Benefit sanctions: Is the UK an outlier?

UKAJI Blog madler

by Michael Adler

This blog post is based on a paper presented at the Annual Conference of the Socio-Legal Studies Association, held at the University of Lancaster from 5th to 7th April 2015. The author is Emeritus Professor of Socio-Legal Studies in the School of Social and Political Science at the University of Edinburgh. In the paper, he highlights the enormous growth in the severity, the scope and the incidence of benefit sanctions in the UK since the turn of the century, and asks whether, in terms of conditionality and sanctions, the UK is in line with the major European countries or whether it is an outlier. He wishes to thank Professor Lars Inge Terum, Oslo and Akershus University College, for his input to the paper.

In an article that will be published in the summer,[1] I drew attention to the spectacular increase in the scope, severity and incidence of benefit sanctions in the UK in the last ten years. ‘Scope’ refers to the circumstances in which the penalty can be applied; ‘severity’ refers to the harshness of the penalty; and ‘incidence’ refers to the number of people who receive the penalty.

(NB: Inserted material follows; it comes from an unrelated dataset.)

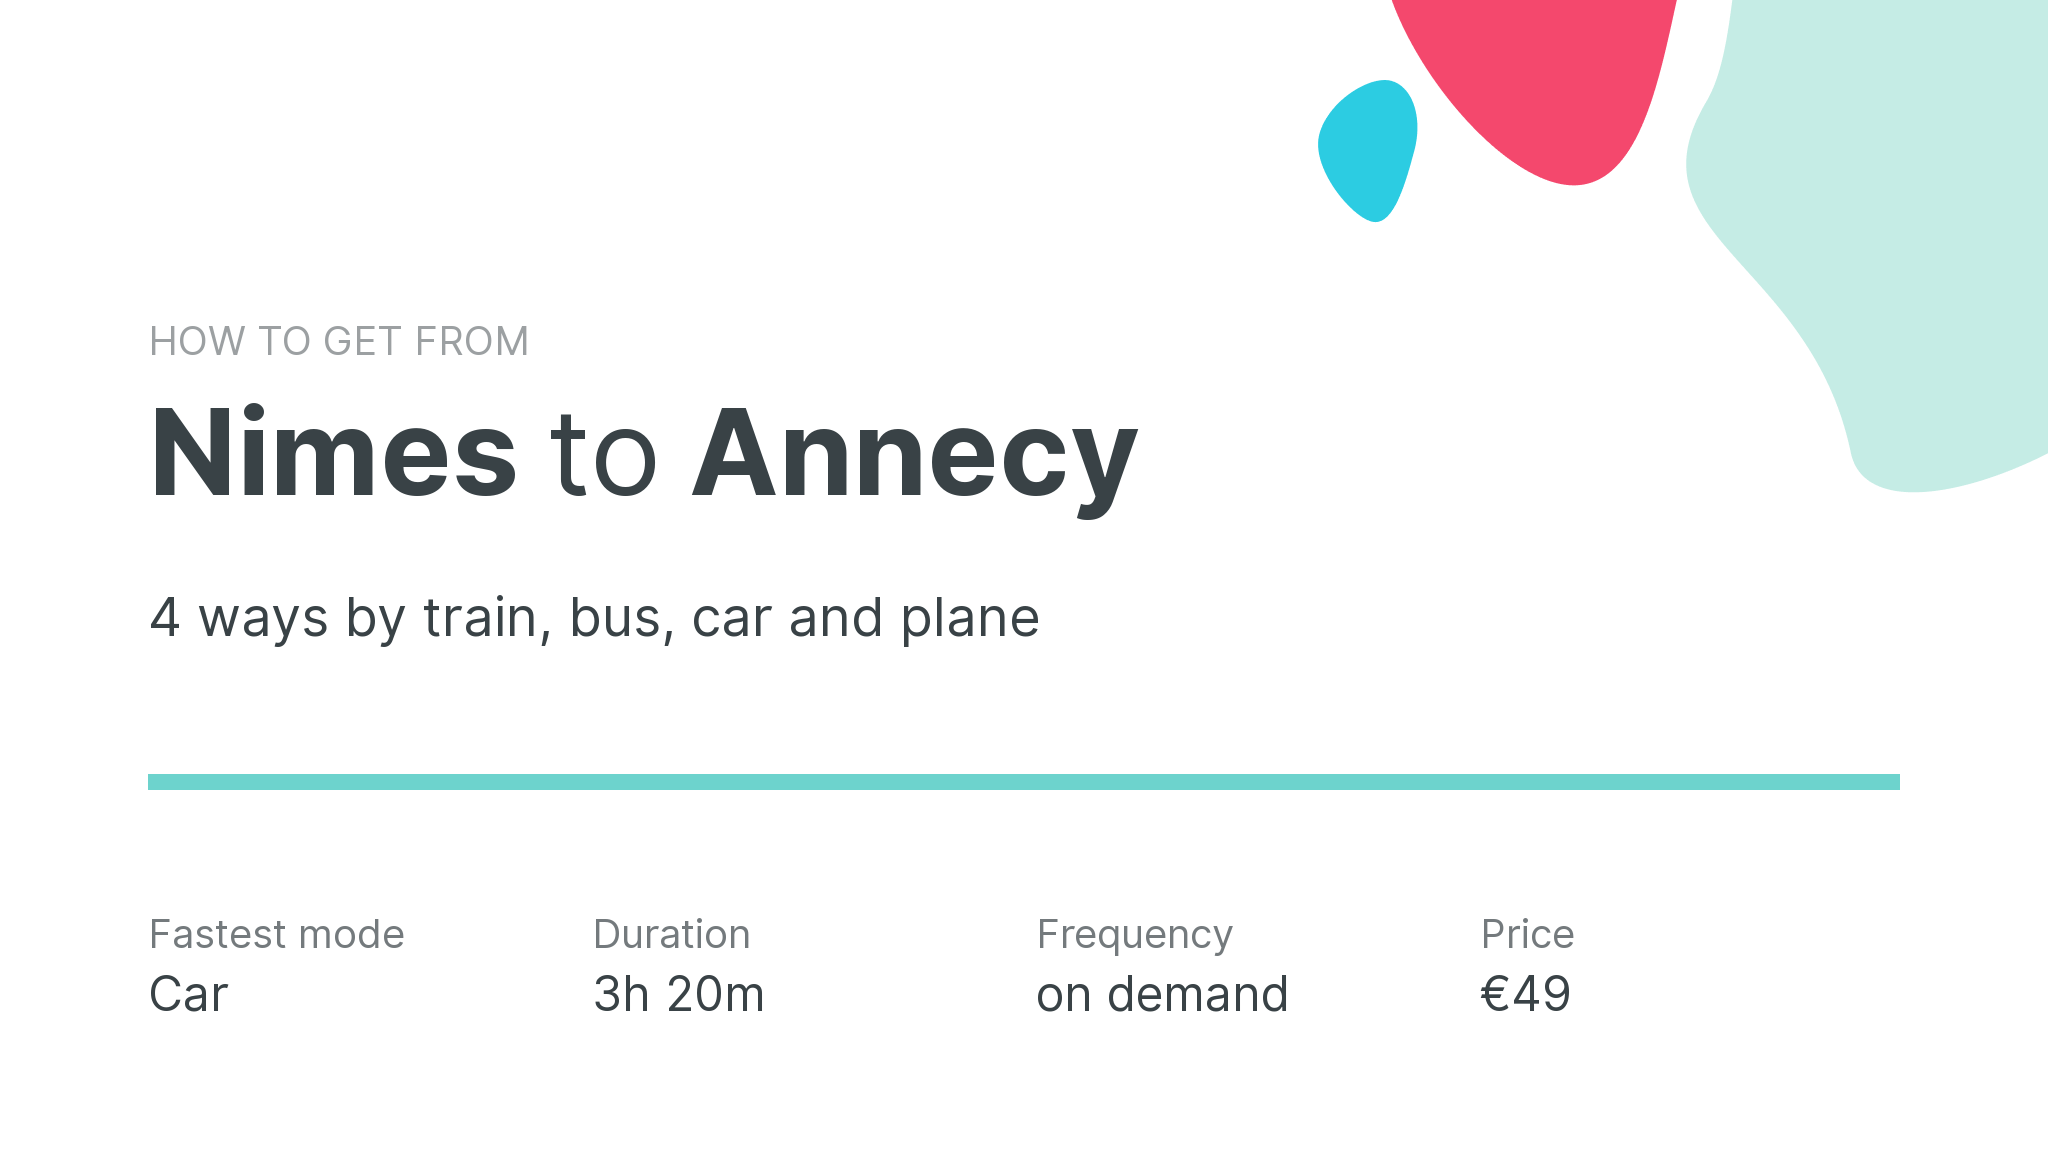 How do I get from Nimes to Annecy

In the past, benefit sanctions were passive and were mainly applied for ex-ante offences, e.g. leaving work voluntarily, losing one’s job as a result of ‘misconduct’ or not being available for work. Now they are also active and are mainly applied for ex-post offences, e.g. not for ‘actively seeking work’, failure to participate in a training or employment scheme, or missing an appointment. They used to be applied only to those in the labour market, i.e. to the ‘unemployed’. Now they are also applied to those outside the labour market, e.g. to single parents and long-term disabled people. In the past, they were applied only to applicants for insurance benefits. Now they can now be applied to anyone in receipt of out-of-work benefits.


Benefit sanctions applied for 1-6 weeks (until 1986), for 1-13 weeks (1986- 1988) and for 1-26 weeks (since 1988) but, since 2015, they apply for periods of 4 weeks (for a first offence) to 156 weeks, for repeat offences, i.e. for periods of up to 3 years. Formerly, sanctioned claimants had a right to claim assistance benefits immediately. Now they can apply for discretionary ‘hardship payments’ only after two weeks.


Sanctions and disqualifications for unemployed in receipt of Jobseeker’s Allowance (JSA) increased from 300,000 in 2001 to over 1,000,000 in 2013 ‒ an increase of almost 250 percent. During this period, disabled persons who are in receipt of Employment and Support Allowance (ESA) and single parents in receipt of Income Support (IS), who are not required to register for work, can also be subjected to benefit sanctions. By 2012, more people were subjected to benefit sanctions than were fined in the criminal courts. This can be seen from Figure 1 below, which also shows that the number of benefit sanctions has fallen since 2014 when unemployment and JSA caseload started to decline.

Figure 1: The Incidence of Court Fines and Benefit Sanctions 2000-2014Screenshot 2016-04-11 10.11.37

Note: The data on court fines refer to England and Wales only, while the data on benefit sanctions refer to Great Britain since there is a separate social security system in Northern Ireland.

From the above, it should be clear that benefit sanctions in the UK are now:

  • very much wider in scope (in that they are applied to more misdemeanours);
  • very much greater in severity (in that they apply for longer periods);
  • very extensive in their incidence (in spite of the welcome decline since 2013, they still apply to many more people than was the case ten years ago).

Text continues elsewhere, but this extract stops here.